Negli anni ‘30 divise la scena dei fuoriclasse con Babe Ruth, altra talentuosa stella molto diverso da lui, più irrequieto, litigioso, estroverso e forse per questo motivo Gehrig era preferito da molti, che amavano i suoi modi educati, gentili e riservati.
Come detto morì il 2 giugno 1941 a New York, a soli 38 anni.


DISCORSO D'ADDIO
“Amici, nelle due ultime settimane sarete sicuramente venuti a conoscenza del difficile momento che sto attraversando, ma voglio dirvi che oggi mi sento l’uomo più fortunato della terra.
Sono stato presente sul campo da baseball per diciassette anni e ho sempre ricevuto affetto e incoraggiamenti da voi che siete i miei fan.

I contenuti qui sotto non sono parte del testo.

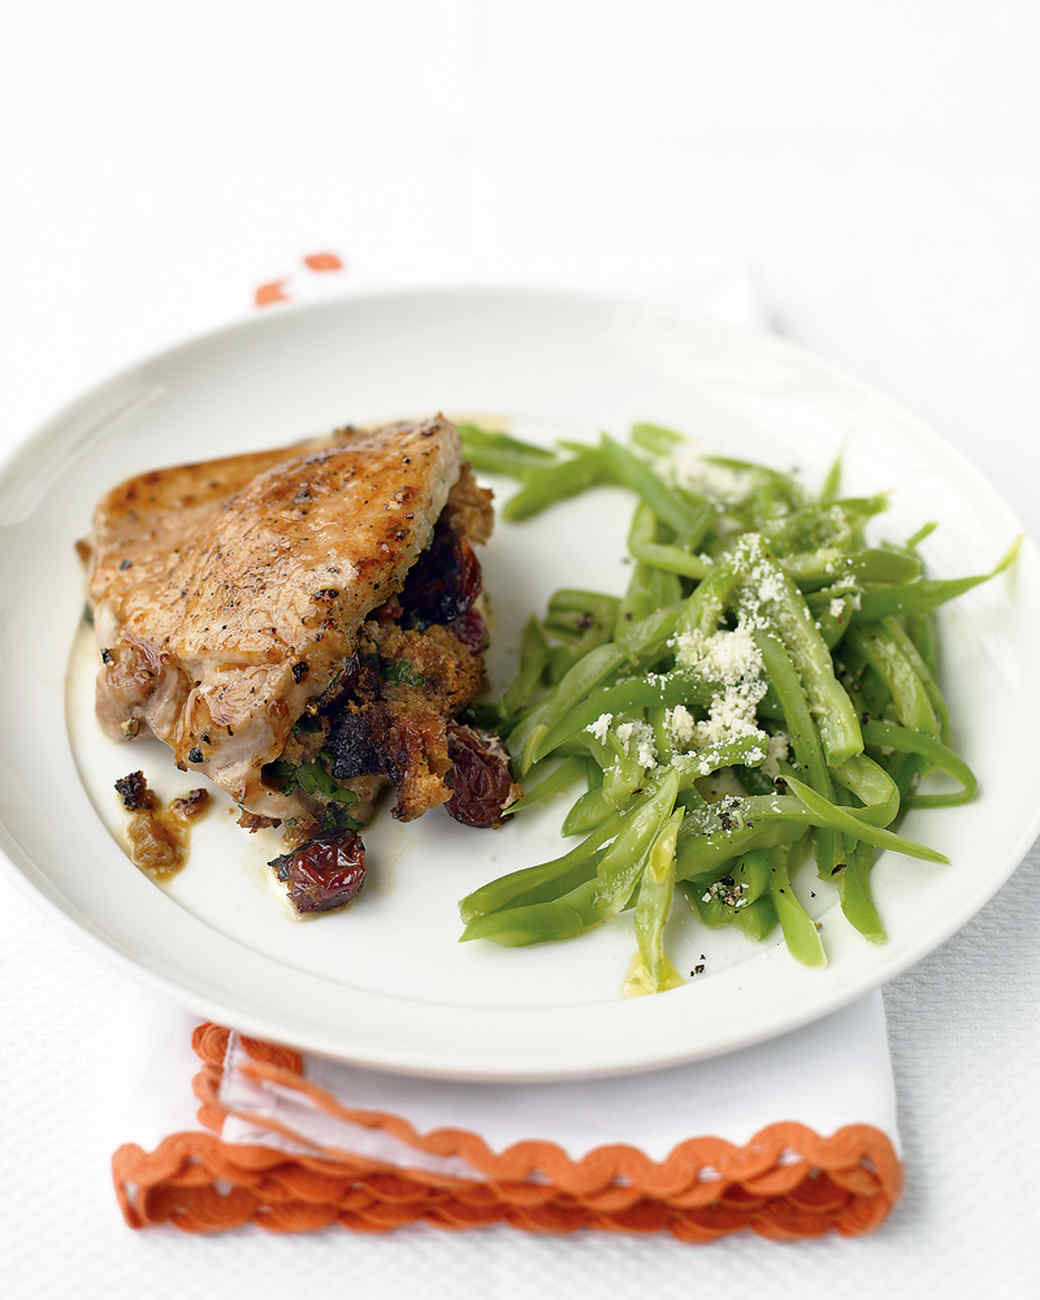 Raisin-and-Bread-Stuffed Pork Chops

Guardate questi grandi uomini. Chi di voi non vorrebbe essere al punto culminante della propria carriera solo per paragonarsi a loro almeno un giorno nella vita? Certo che sono fortunato.
Chi non considererebbe un onore il fatto di aver conosciuto Jacob Ruppert? E anche Ed Barrow, la persona più importante nel baseball? O il fatto di aver trascorso sei indimenticabili anni con Miller Huggins, il mio grande amico?
Oppure di aver trascorso i successivi nove anni con quel fantastico leader, brillante studente di psicologia e miglior manager che il baseball abbia mai avuto, Joe McCarthy? Certo che sono fortunato.
Quando la squadra dei New York Giants, una squadra che per batterla daresti anche il tuo braccio destro, e viceversa, ti fa un regalo, questo è fantastico.
Quando tutti fino agli addetti del campo o quei giovani vestiti di bianco si ricordano di te perché hai vinto tanti premi, questo è fantastico.
Quando avete una suocera meravigliosa che si schiera a vostro favore nei battibecchi con sua figlia, questo è fantastico.
Quando vostro padre o vostra madre lavorano sodo per tutta la vita per darvi un’educazione o per far sì che voi possiate allenarvi in qualche sport, è una benedizione.
Quando al vostro fianco avete una moglie forte che vi sostiene e che dimostra molto più coraggio di quello che abbiate mai potuto immaginarvi, è la cosa più bella che si possa desiderare.
Quindi concludo dicendo che forse sto attraversando un brutto periodo, ma ho tantissimo per cui continuare a vivere”.